◆ Aim of the task: Write out again the lines from the line with "Link to event Magic Studio: Joni Pakanen" up to and including the line with "10 worlds rarest", exactly as they stand below, and skip any picture.

◆ Provided data:
※ ※ ※
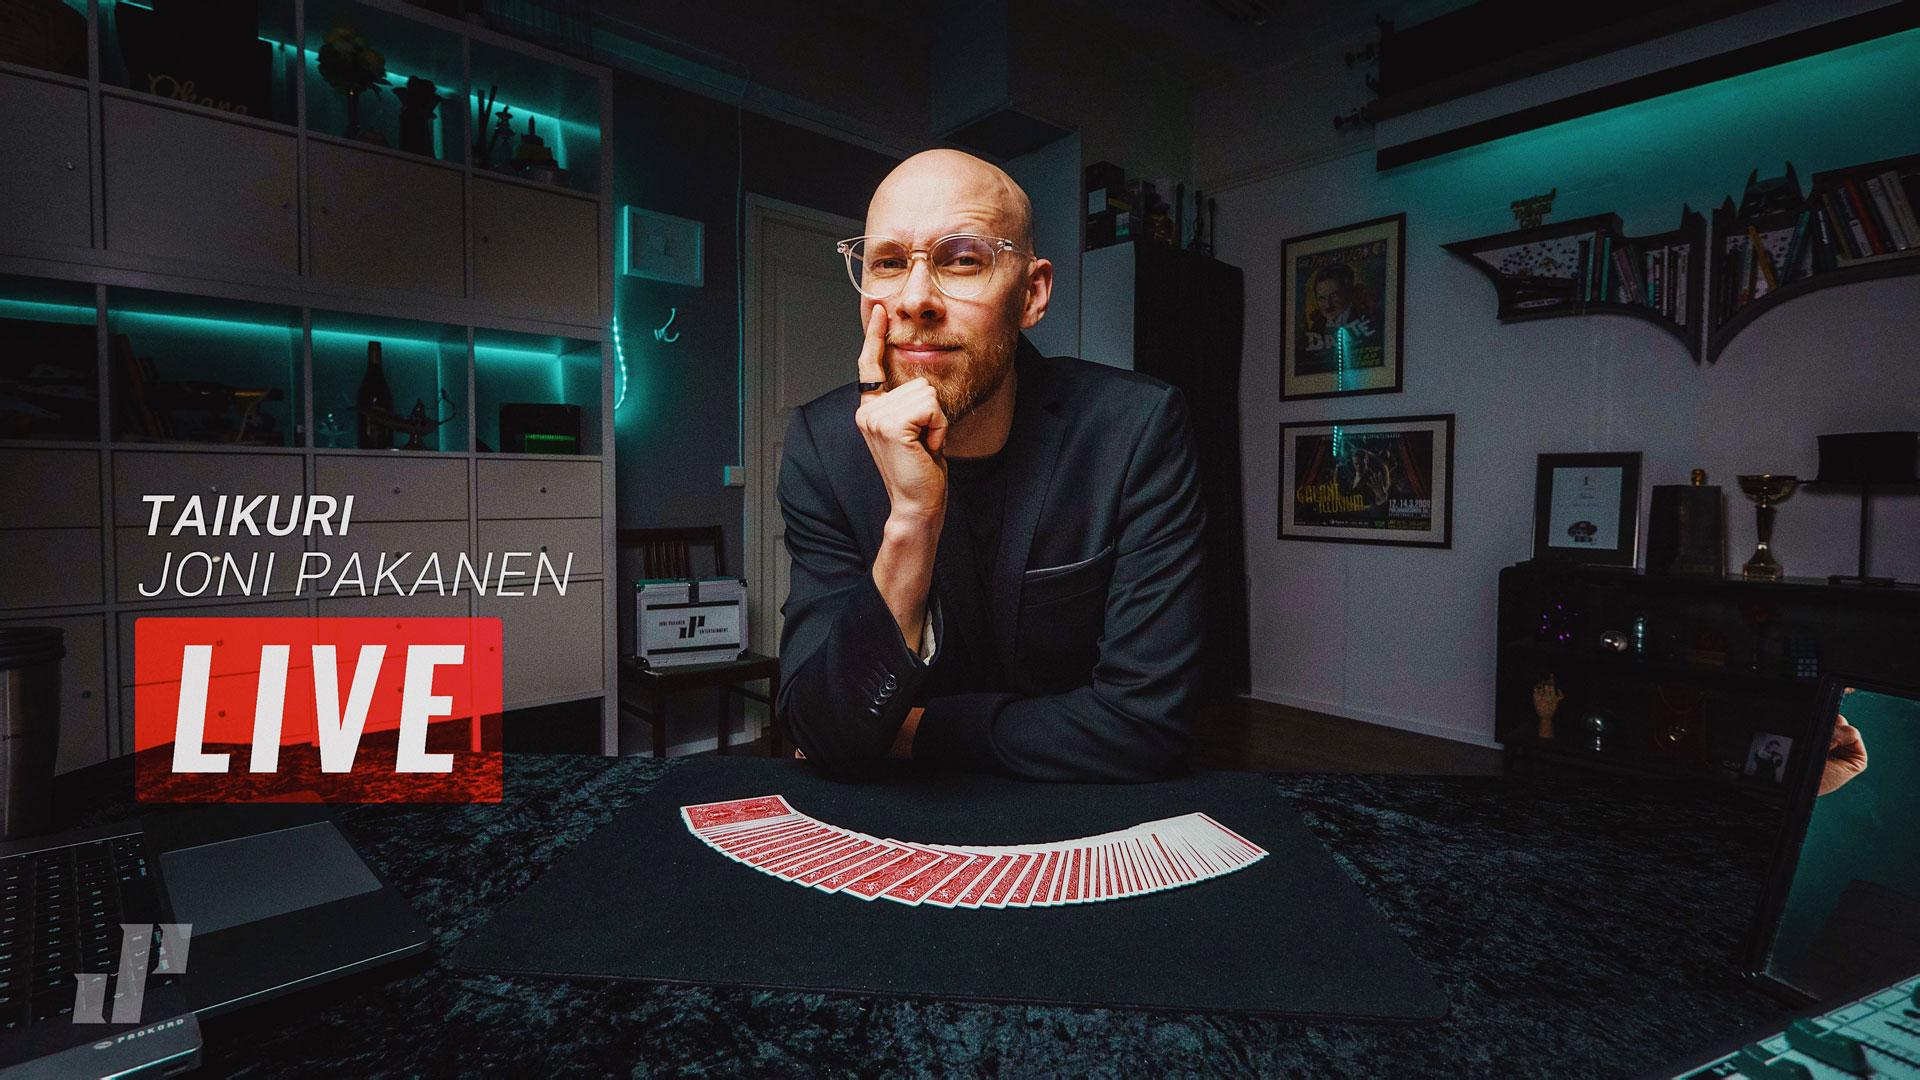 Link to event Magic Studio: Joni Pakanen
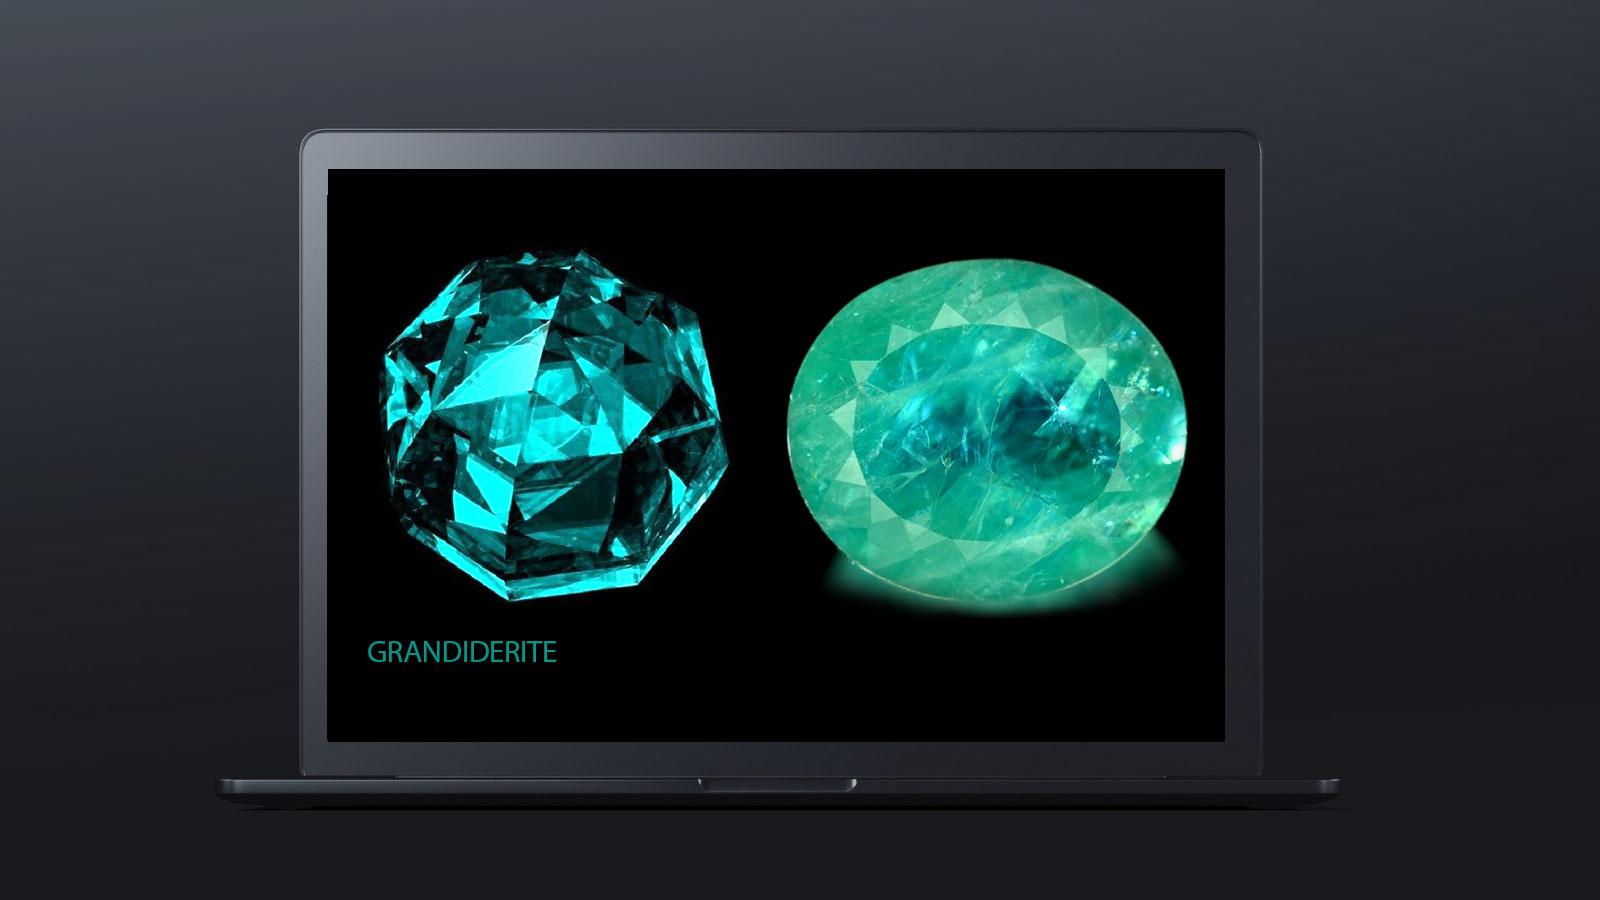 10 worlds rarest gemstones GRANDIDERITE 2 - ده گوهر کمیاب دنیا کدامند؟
※ ※ ※
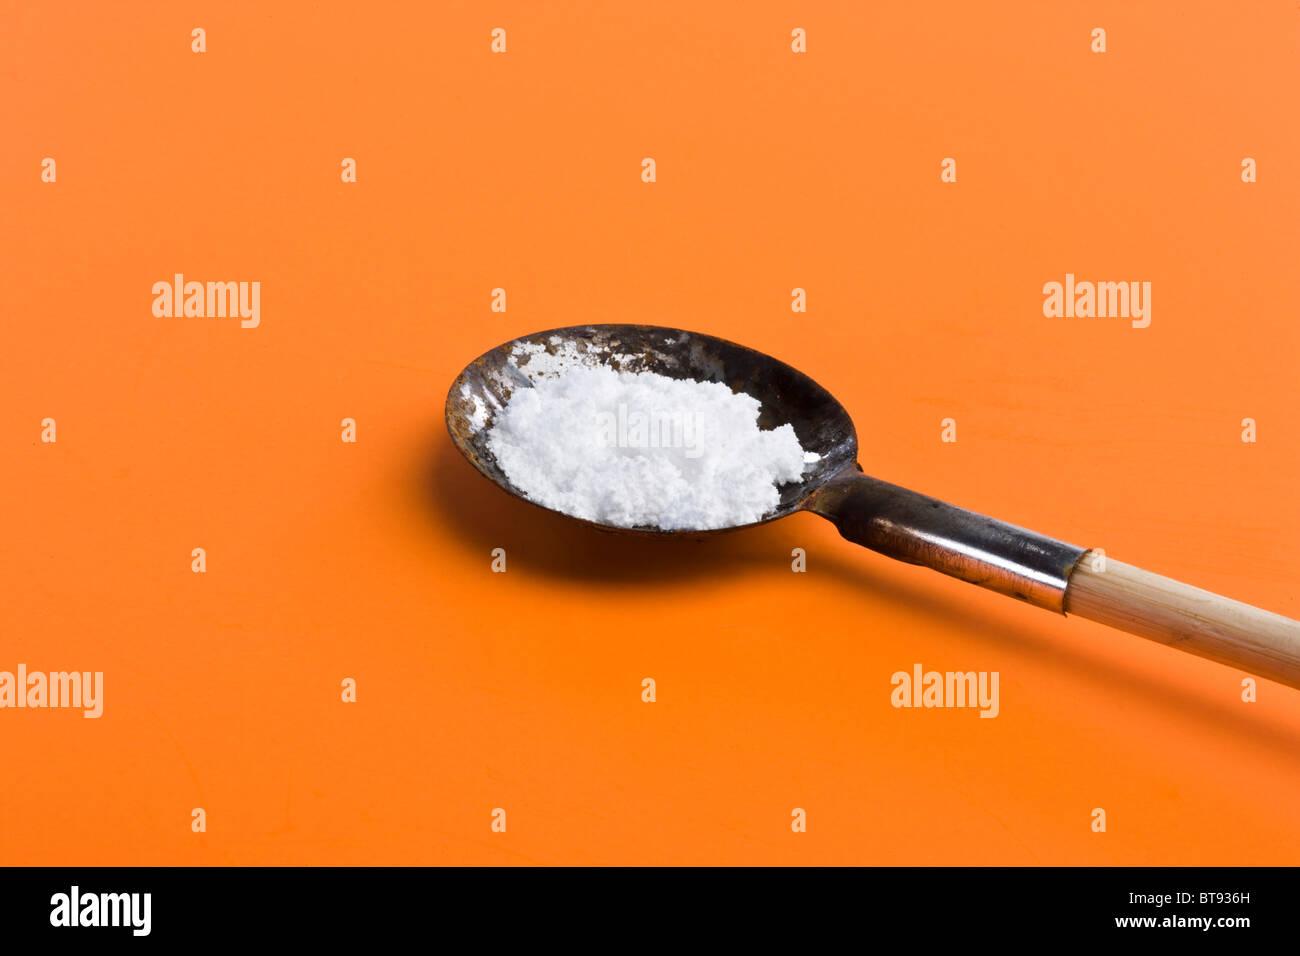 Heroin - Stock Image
※ ※ ※
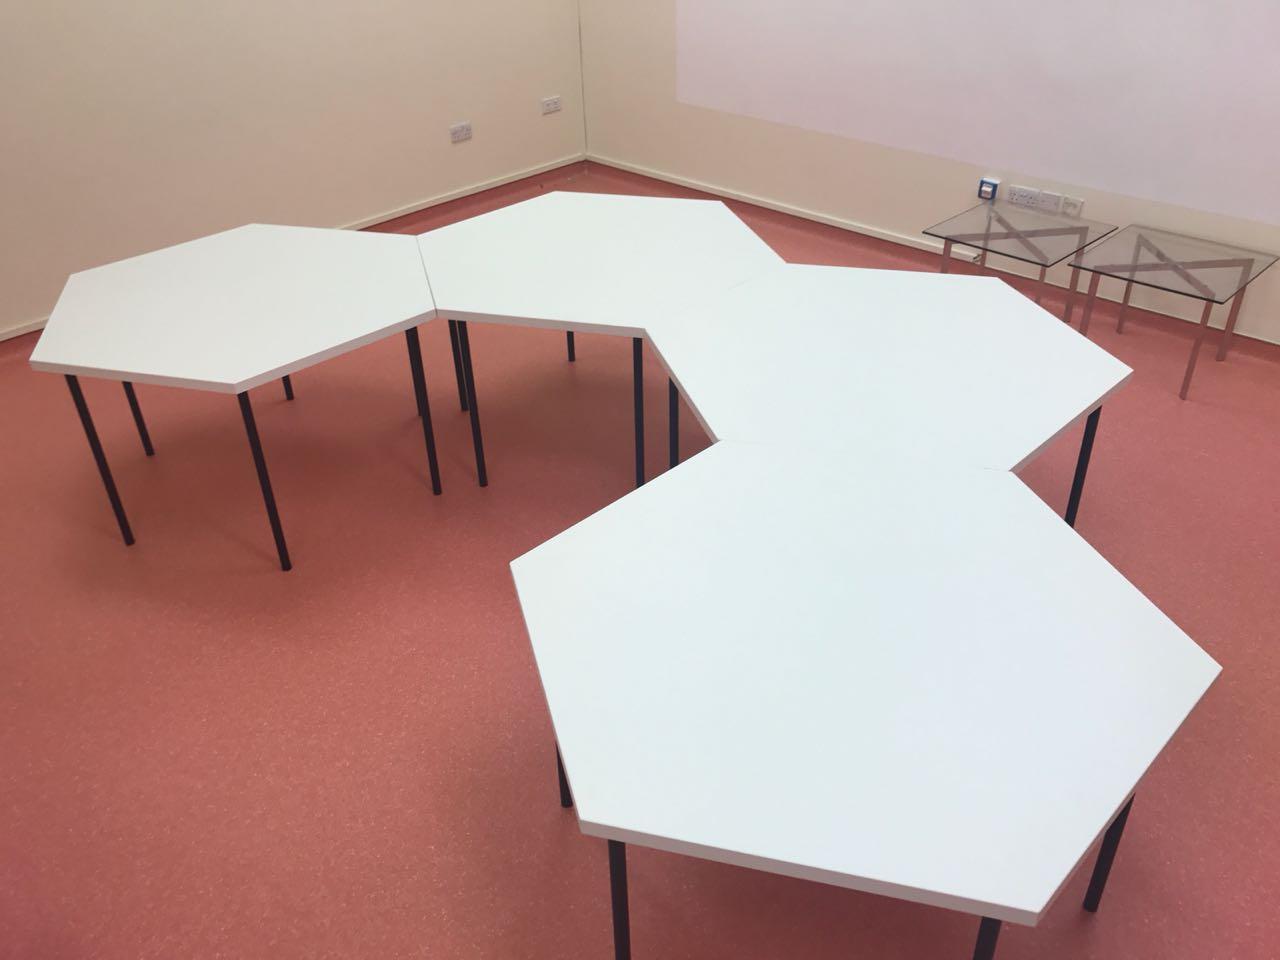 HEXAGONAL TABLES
※ ※ ※
◆ Finished exercise:
 Link to event Magic Studio: Joni Pakanen
 10 worlds rarest gemstones GRANDIDERITE 2 - ده گوهر کمیاب دنیا کدامند؟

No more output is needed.